**WHAT THE TASK REQUIRES**
Without the pictures, can you quote each line below exactly?

**INFORMATION SHOWN**
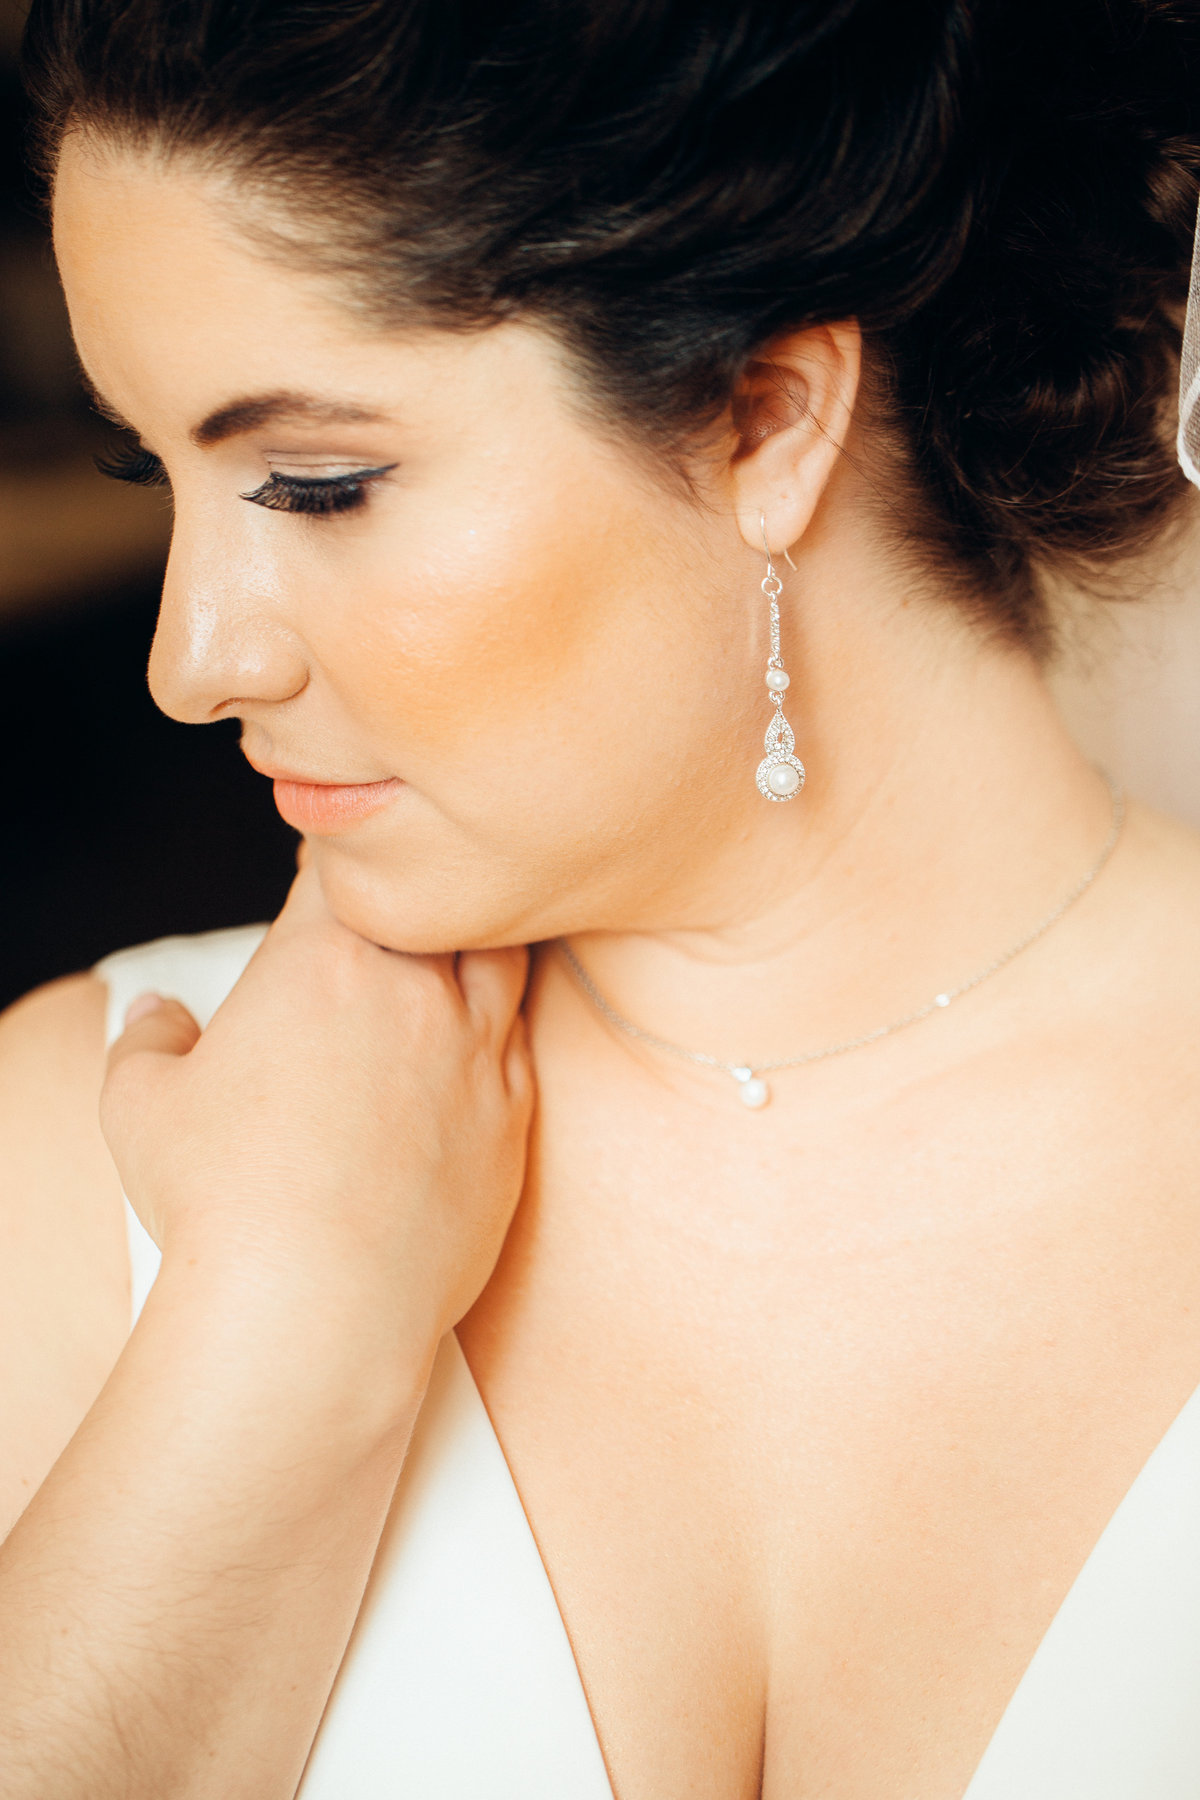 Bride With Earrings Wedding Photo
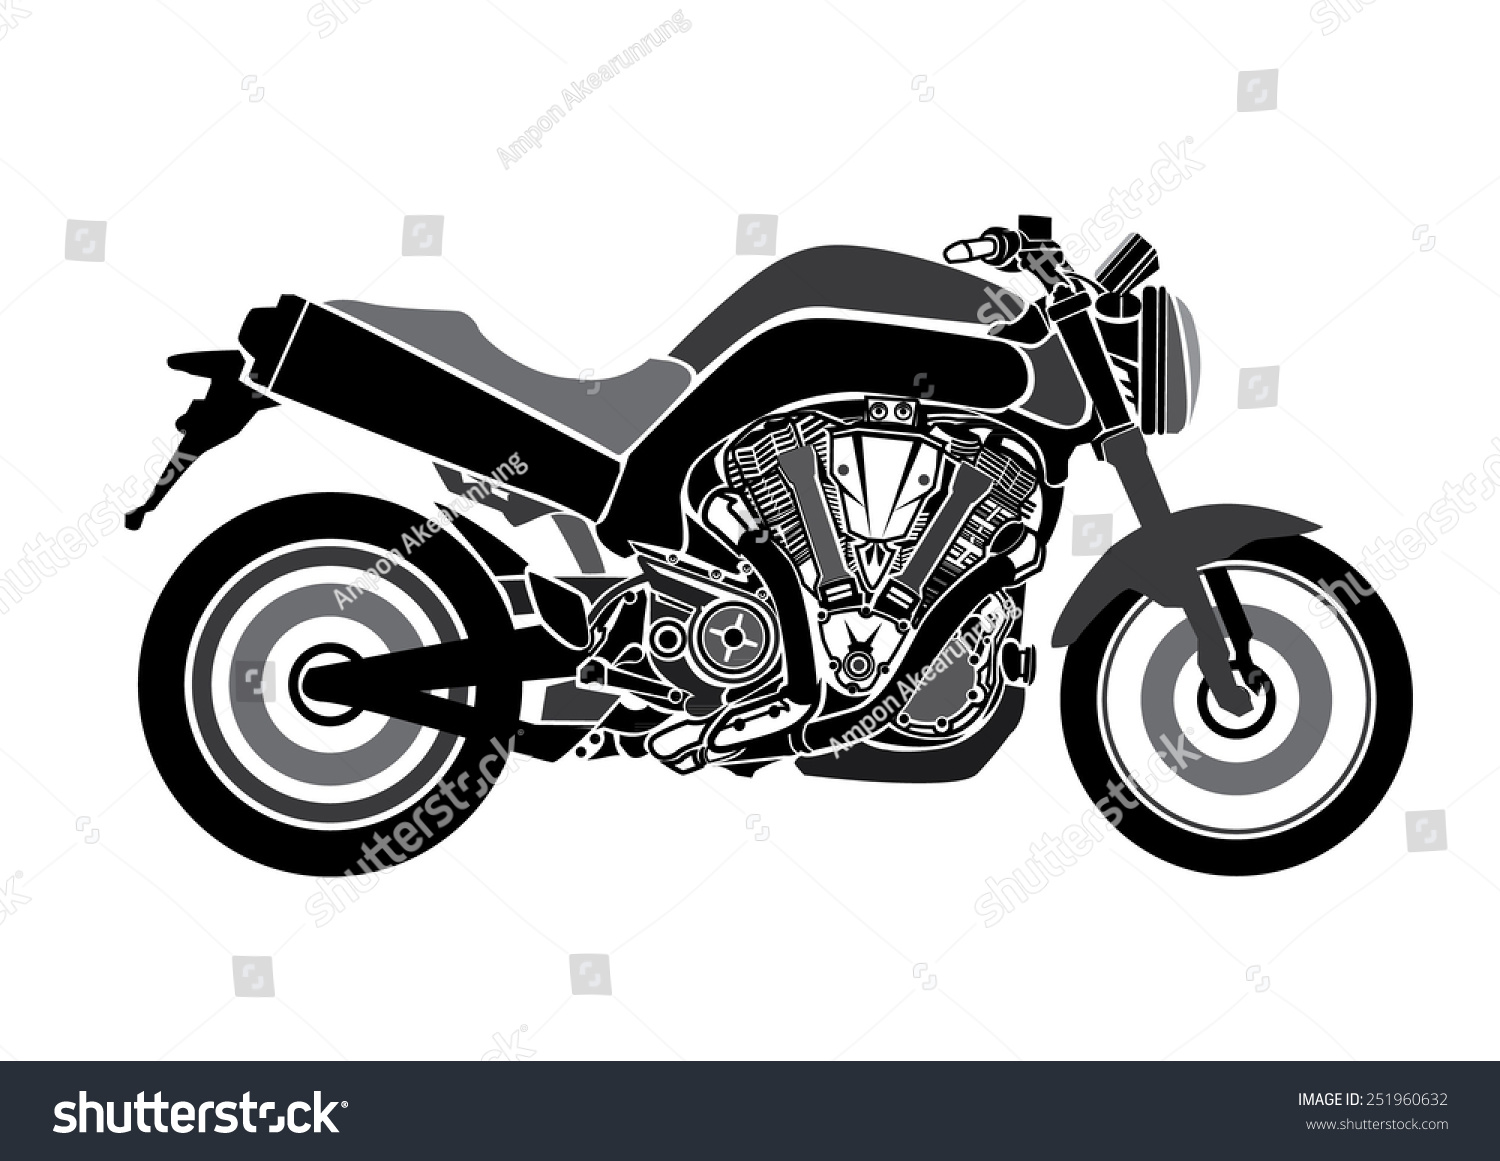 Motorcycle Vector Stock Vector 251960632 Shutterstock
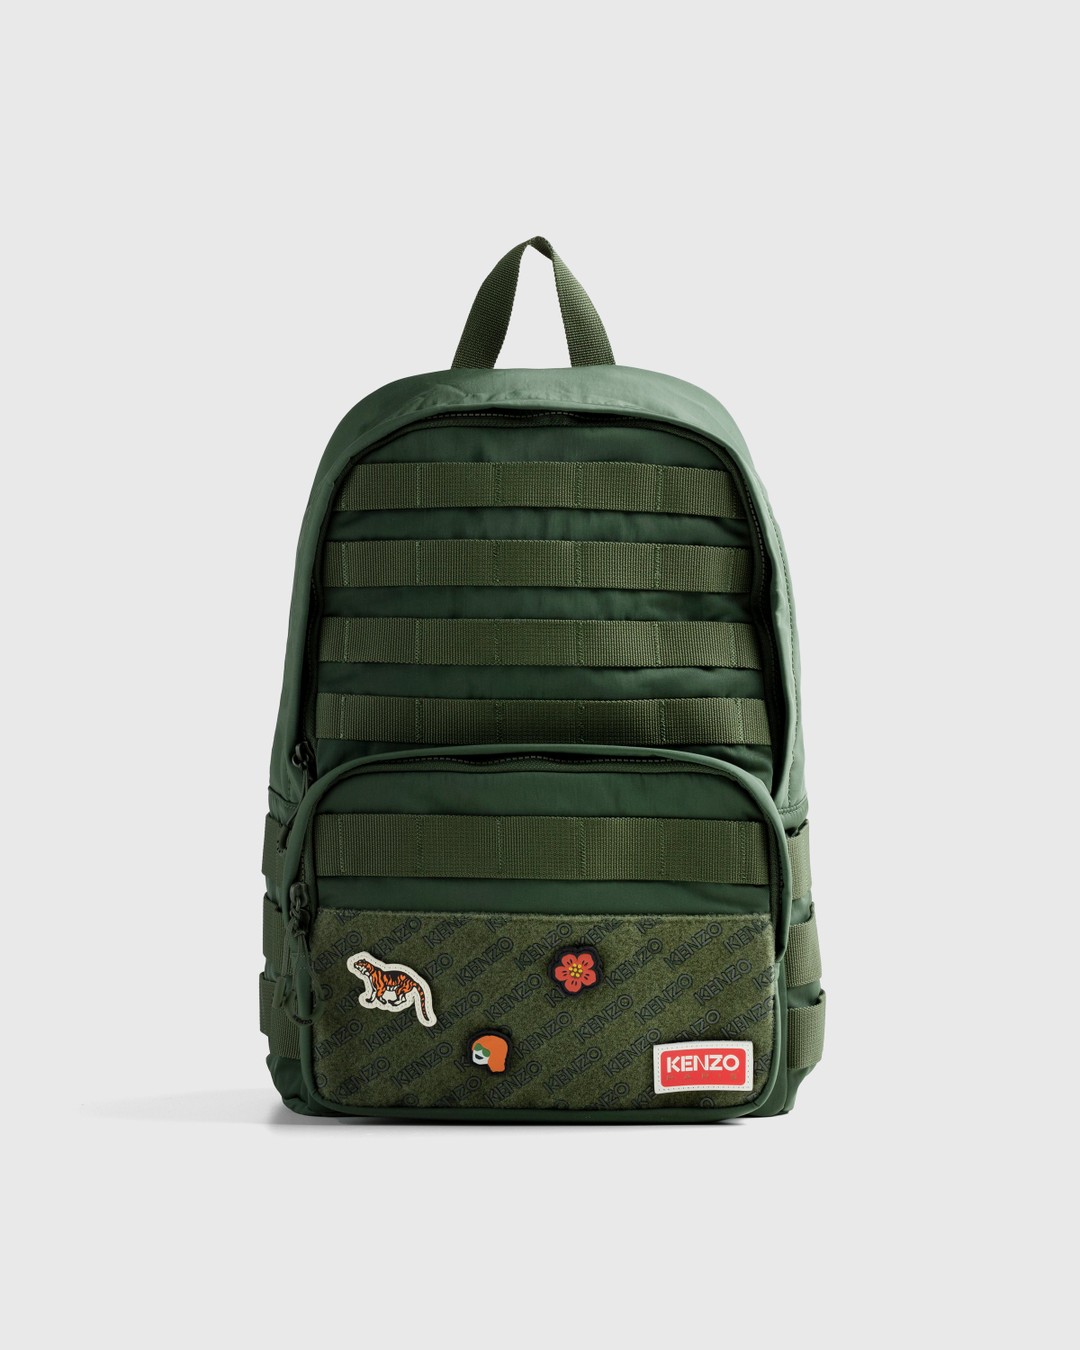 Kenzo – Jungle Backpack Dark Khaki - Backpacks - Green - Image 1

**RESPONSE AREA**
 Bride With Earrings Wedding Photo
 Motorcycle Vector Stock Vector 251960632 Shutterstock
 Kenzo – Jungle Backpack Dark Khaki - Backpacks - Green - Image 1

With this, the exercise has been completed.